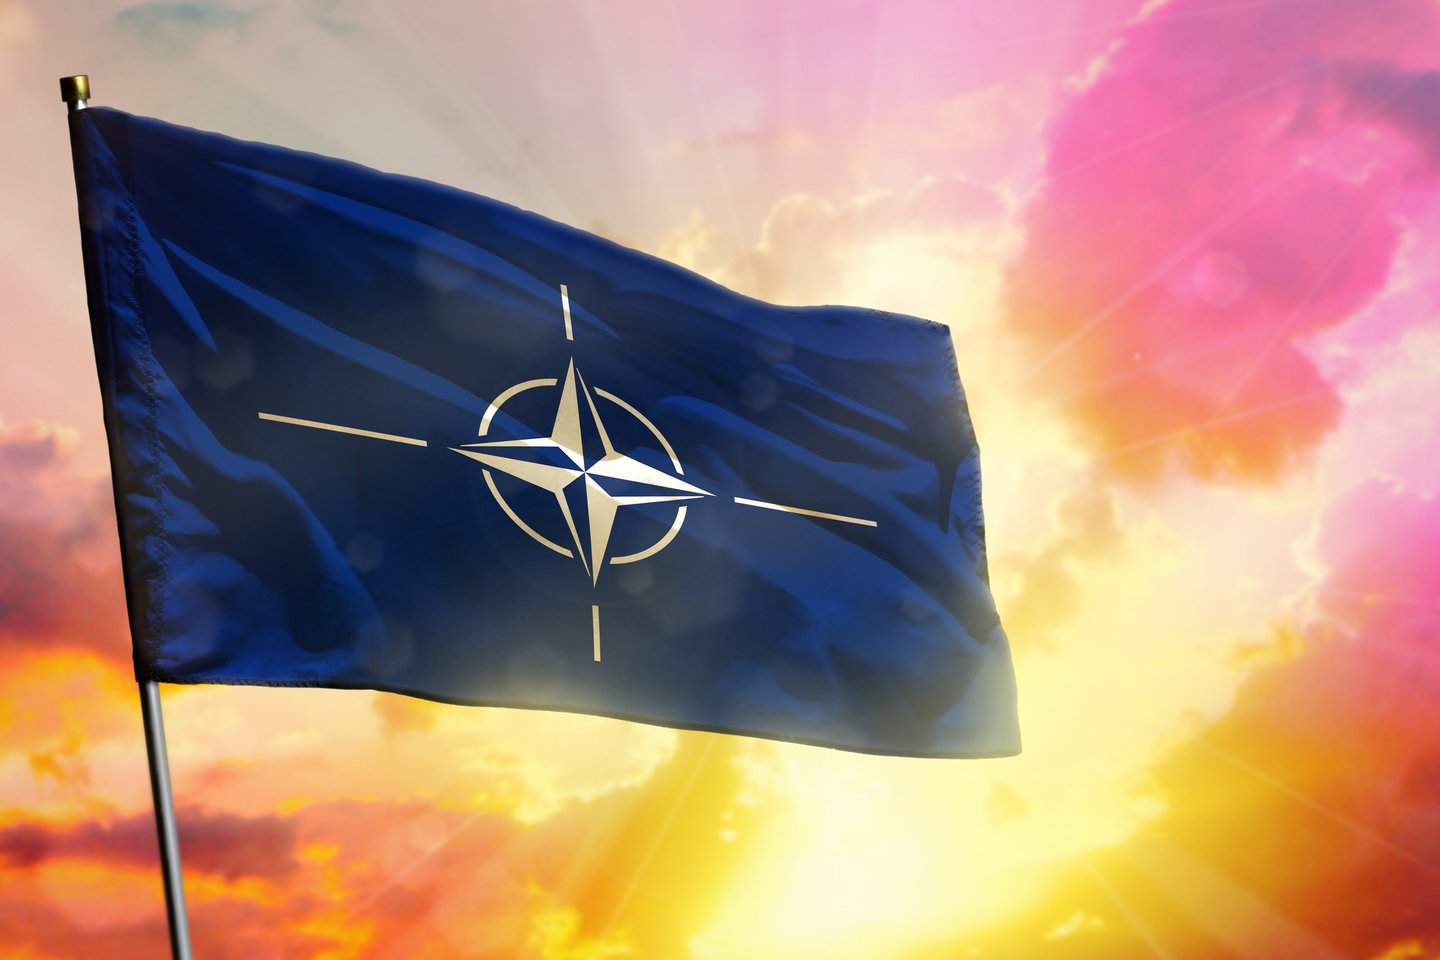 NATO vadovas perspėjo, kad Vakarai turi pasirengti ir toliau remti Ukrainą kare, kuris truks ne vienerius metus.<br> 123rf nuotr.
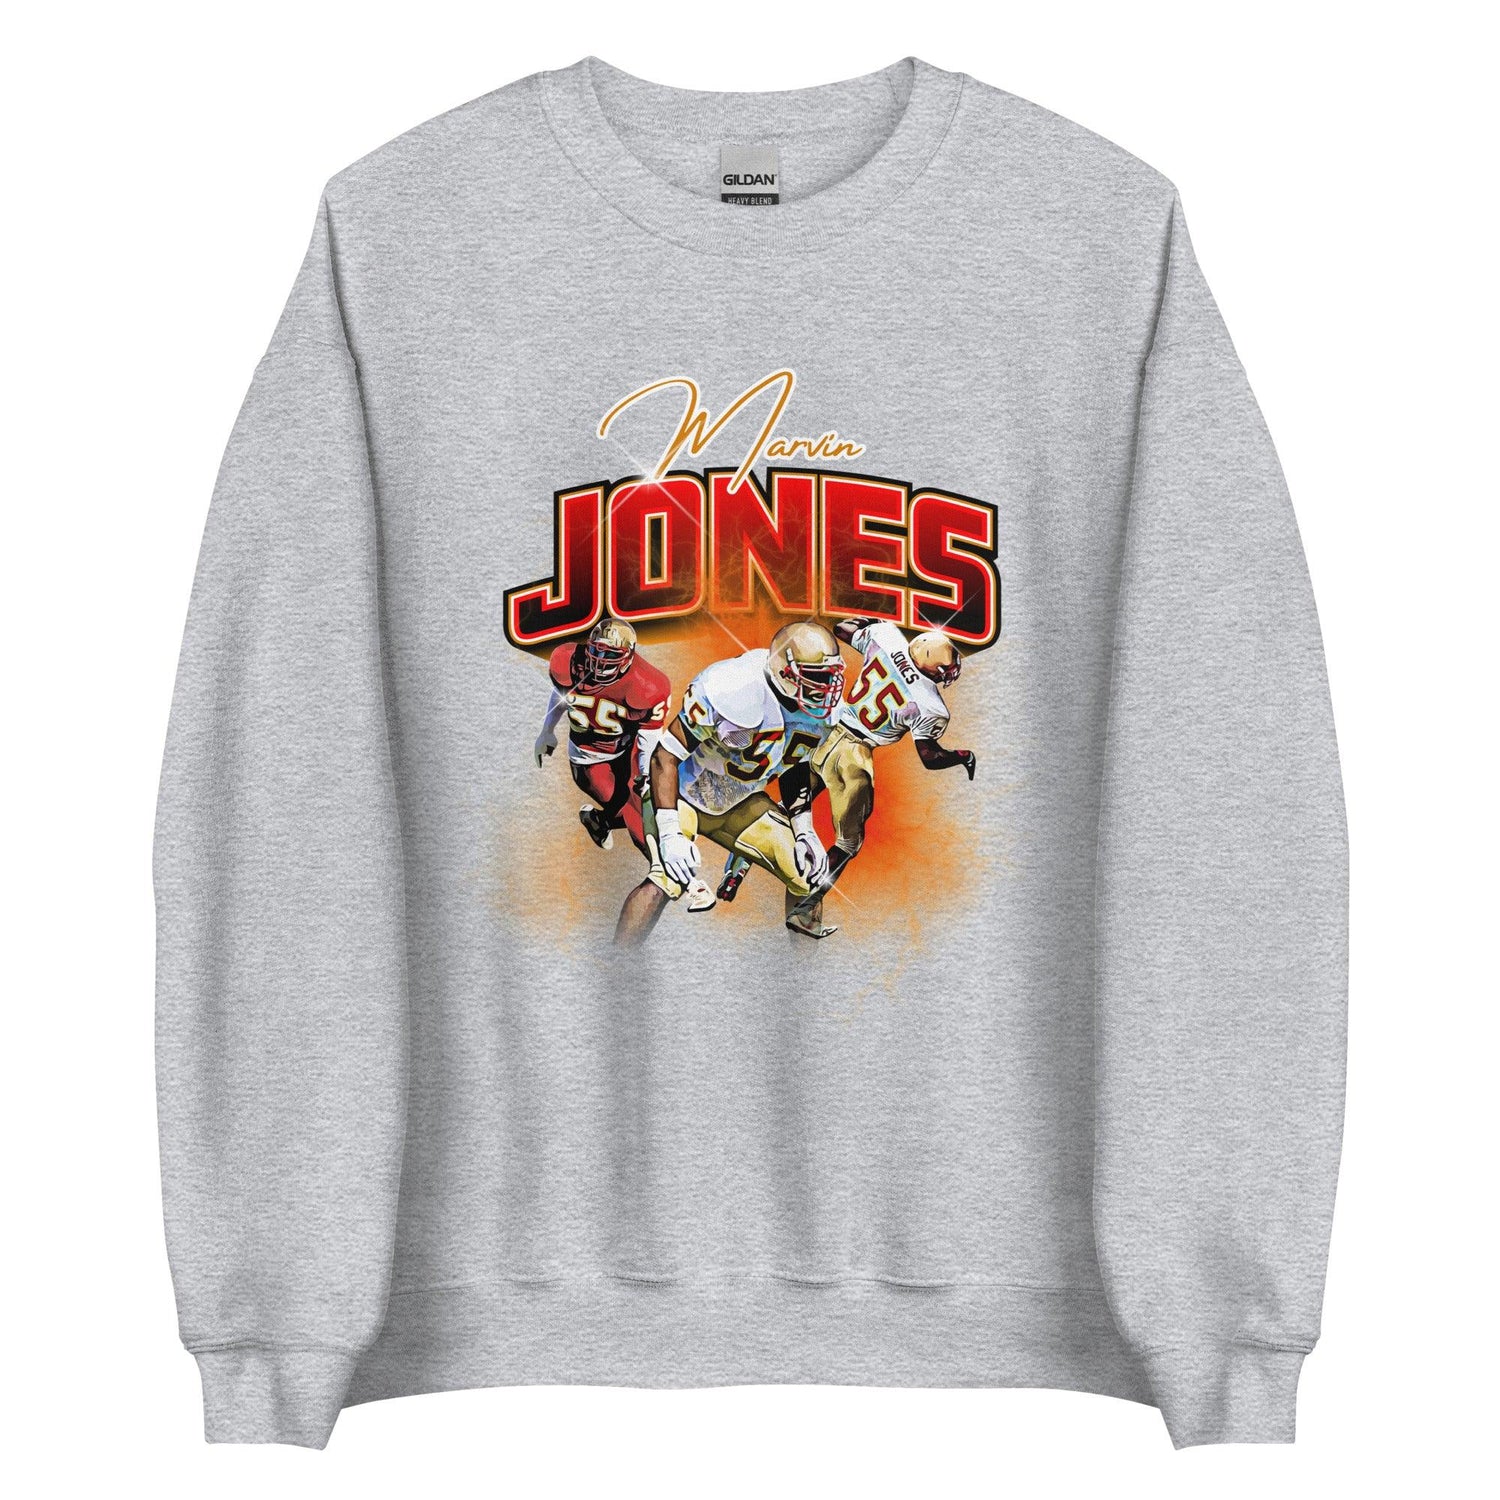 Marvin Jones "Vintage" Sweatshirt - Fan Arch
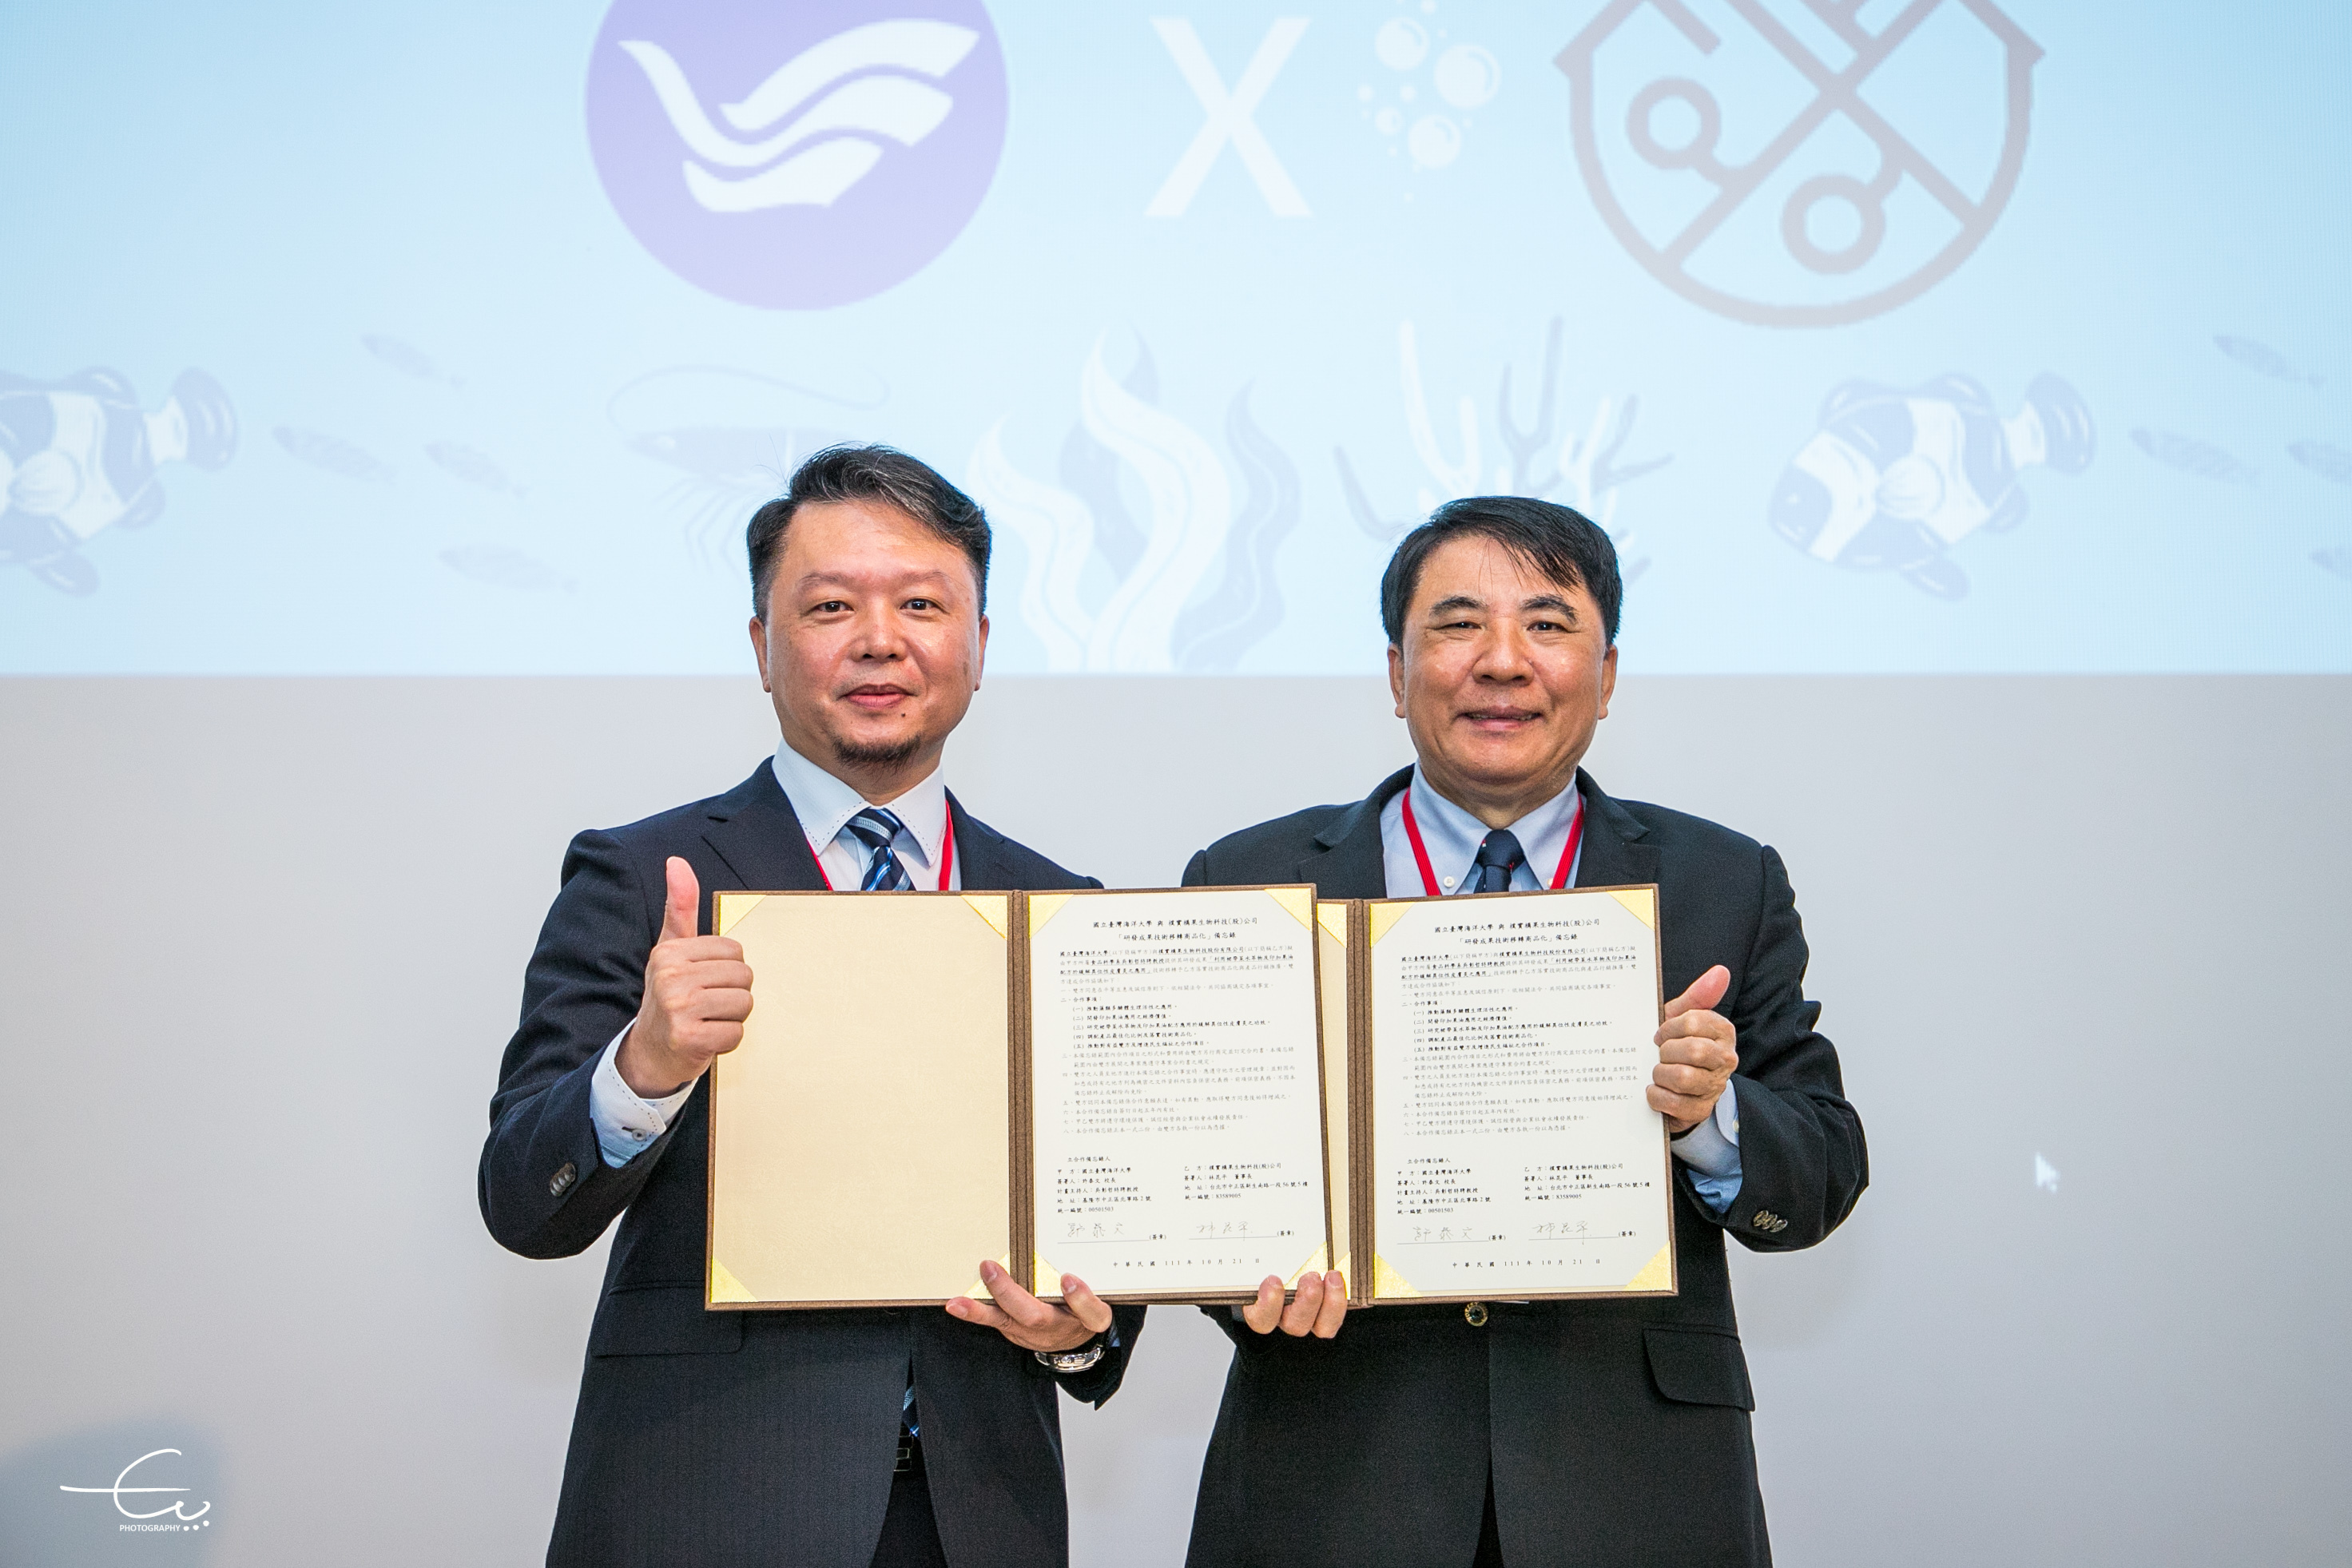 由許泰文校長(右)與林昆平董事長(左)代表簽署技轉商品化合作備忘錄

▶ _WHAT YOU ARE ASKED TO DO_: Everything from the line with "Sweatshirt - Fan Arch" through the last line of the listing above is to be copied exactly, both ends included, except the pictures.

▶ _SOLUTION TO THIS EXERCISE_:
 Marvin Jones "Vintage" Sweatshirt - Fan Arch
 由許泰文校長(右)與林昆平董事長(左)代表簽署技轉商品化合作備忘錄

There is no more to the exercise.